Denzik v. Denzik

JOHNSTONE, dissenting Justice.

I concur fully with the dissenting opinion of Chief Justice Lambert, but write separately to endorse the rationale of the Court of Appeals in reversing the jury verdict in this case. The Appellant’s claim is based upon the theory of fraudulent misrepresentation and, to prevail on a theory of fraud, the claimant must prove all elements by clear and convincing evidence. We have held that in this type of action, the party claiming fraud must prove six elements: “a) a material representation, b) which is false; c) known to be false or made recklessly; d) made with inducement to be acted upon; e) acted in reliance thereon; and f) causing injury.” United Parcel Service Co. v. Rickert, 996 S.W.2d 464, 468 (Ky.1999) quoting Wahba v. Don Corlett Motors, Inc., 573 S.W.2d 357, 359 (Ky.App.1978).

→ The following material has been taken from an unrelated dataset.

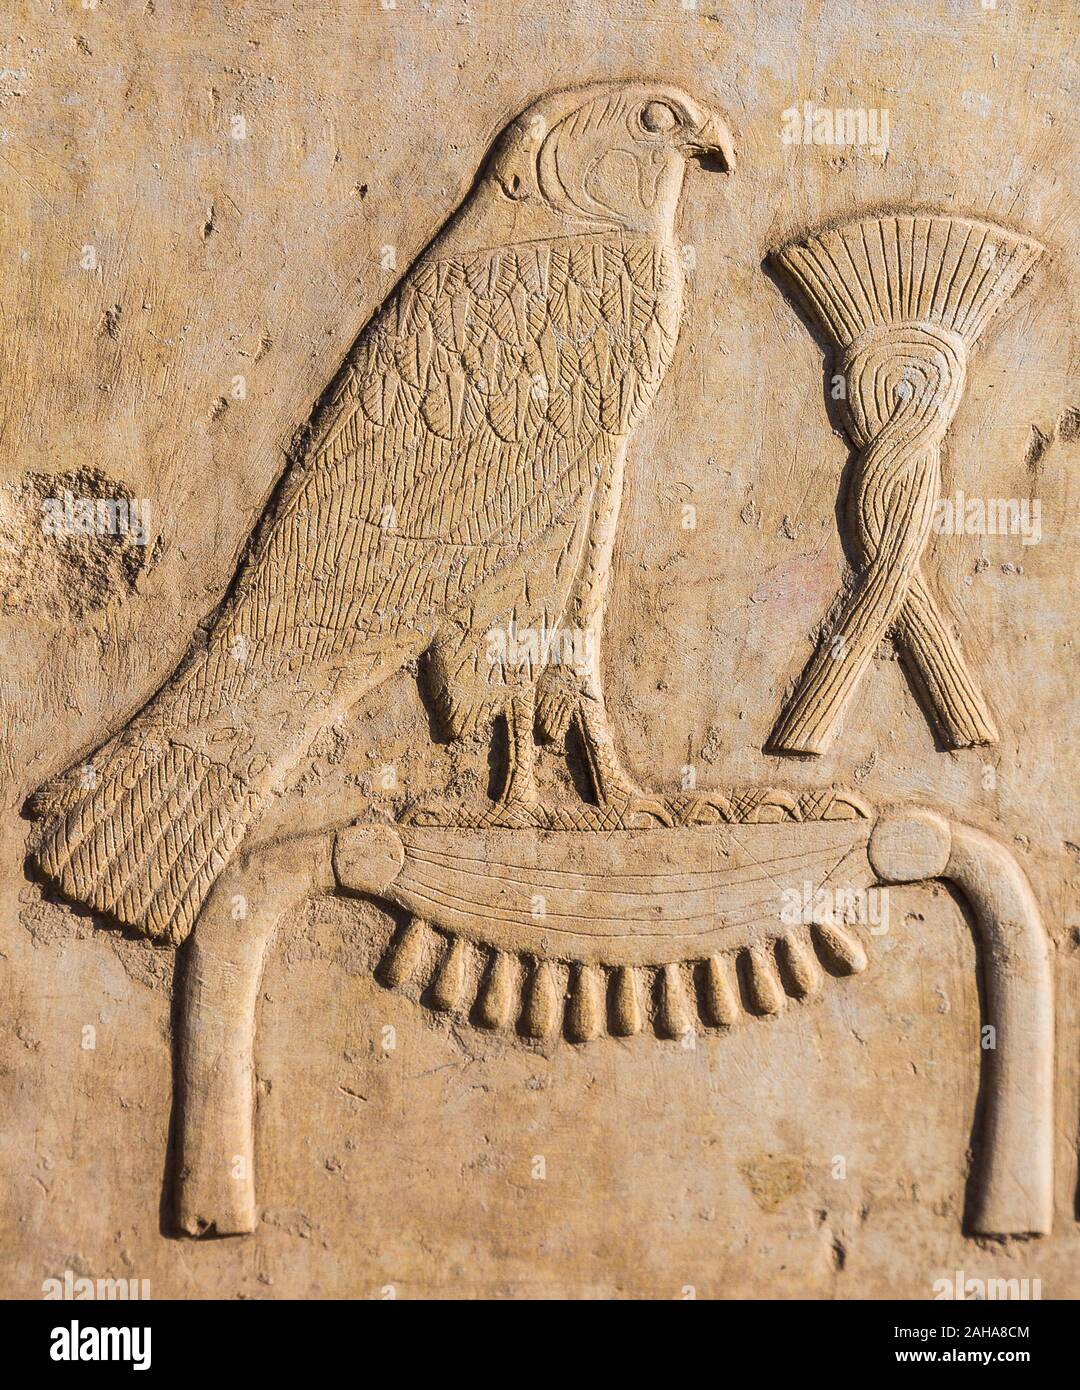 UNESCO Welterbe, Theben in Ägypten, Karnak Tempel, das Open Air Museum, ein Relief mit der Darstellung der Namen eines Königs. Die Hawk symbolisiert den Gott Horus. Ihr Stockfoto

In my opinion, the Appellant did not produce any evidence of intentional fraud on the part of Blazar. Appellant admitted that he had no evidence that Blazar ever made a false representation to him. His statement that a mother “knows” who the father of her child is and that Blazar must have known that Appellant was not the father at the time of conception, defies medical science and is totally without support in law or fact. Appellant admitted that he and Blazar never discussed the paternity of the child before September 2000, and that Blazar never made a statement to him that he was the father. Further, it is undisputed that at the time of Blazar’s brief affair, she and Appellant had an ongoing sexual relationship. In short, there is absolutely no evidence in the record of this case that Blazar knew the child was not the Appellant’s daughter any earlier than 2000.

For the foregoing reasons, and those set forth in Chief Justice Lambert’s dissenting opinion, I would affirm the Court of Appeals.

LAMBERT, C.J.; and ROACH, J., join this dissent.